Ардов, который с недоумением наблюдал за действиями своих гостей, воскликнул:
— Вы что — клоуны?!..
Мы, как всегда, сидим в своей «детской» комнате, выпиваем и шутим. Среди нас сегодня Анатолий Найман, он только что выписался из больницы, из кардиологии, так что пить ему нельзя. Но шутить — сколько угодно.
— А хотите, — говорит он, — я вас познакомлю с медицинскими сестрами из своей больницы?.. Там чудные девушки-медсестры.
— Толя, — говорит один из нас, — познакомьте нас с медицинскими сестрами. Мы их будем «любить, как сорок тысяч братьев»…
У нас ценились именно такие шутки. Ну, например:
«Фотография. Лев Толстой и Айседора Дункан. Оба босиком. (Редкий снимок.)».
Рождались у нас и стихотворные пародии.
Юноше, обдумывающему житье,
Делать жизнь по-каковски,
Смотри, говорю, не кончи ее,
Как горлопан Маяковский.
Самая первая в Москве алкогольная лечебница помещалась на улице Радио. Это обстоятельство позволило нам так перефразировать «лучшего и талантливейшего»:
Выпивка — та же добыча радия,
Еще сто грамм — и на улице Радио.
Ради красного словца мы не щадили даже саму Ахматову. Ее известные строки:
Я с тобой не буду пить вино,
Потому что ты мальчишка озорной,
мы решительно упростили:
Я с тобой не буду пить вино,
Потому что ты мальчишка и г…
Было у нас открытие, относящееся одновременно к блоковедению и ахматоведению. Некто будто бы выяснил, что стихи Блока, которые начинаются со строк:
В голубой далекой спаленке
Твой ребенок опочил.
Тихо вылез карлик маленький
И часы остановил…
посвящены Ахматовой.
Найден якобы еще один вариант стихотворения, и первая строка там такая:
В голубой далекой горенке.
(Как известно, Горенко — девичья фамилия Анны Андреевны.)

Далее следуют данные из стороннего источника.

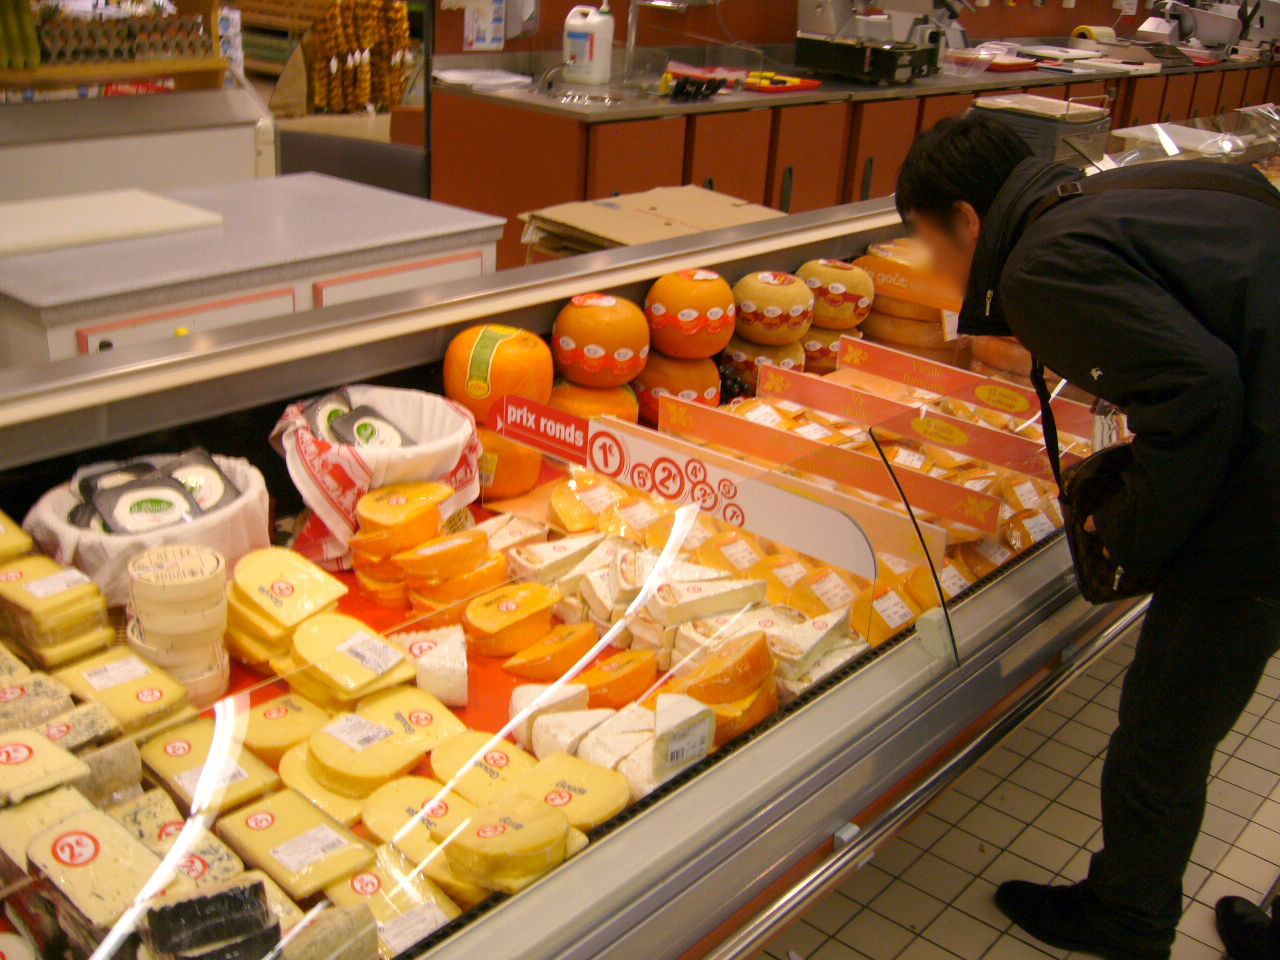 チーズの種類が豊富ですね。奥のオレンジ色もチーズかな?

Соответственно иной была и третья строка:
Тихо вылез карлик голенький…
Ахматова иногда повторяла некрасовские строки:
Кто снимал рубашку с пахаря,
Крал у нищего суму…
Я помню, как она смеялась, когда я предложил ей нашу редакцию:
Кто снимал рубашку с хахаля…
И еще — «Вариации на темы русских поэтов»:
В парке бабье лепетанье,
Трели соловья,
На веревке колыханье
Мокрого белья…
На Ордынке появился очередной номер альманаха «День поэзии». Среди прочей чепухи в нем было стихотворение Е. Долматовского про аэропорт в монгольской столице. Там появляются три пьяных американских туриста, которые шокируют публику. Самый конец цитирую буквально:
А третий (дам простить прошу
За то, что о таком пишу)
У азиатов на виду
Справляет малую нужду.
С презреньем смотрит Азия
На это безобразие.
В первый же вечер, когда собралась наша компания, один из приятелей набрал номер телефона Долматовского и вкрадчивым голосом спросил:
— Могу я поговорить с Евгением Ароновичем Долматовским?
— Я у телефона, — ответили ему.
— С вами говорит первый секретарь посольства Китайской Народной Республики Сунь Хо…
— Я вас слушаю, — почтительно отозвался поэт.
— Чрезвычайный и полномочный посол Китая в СССР поручил мне довести до вашего сведения, что «с презреньем смотрит Азия на ваше безобразие».
— Неудачно шутите! — взревел Долматовский и бросил трубку.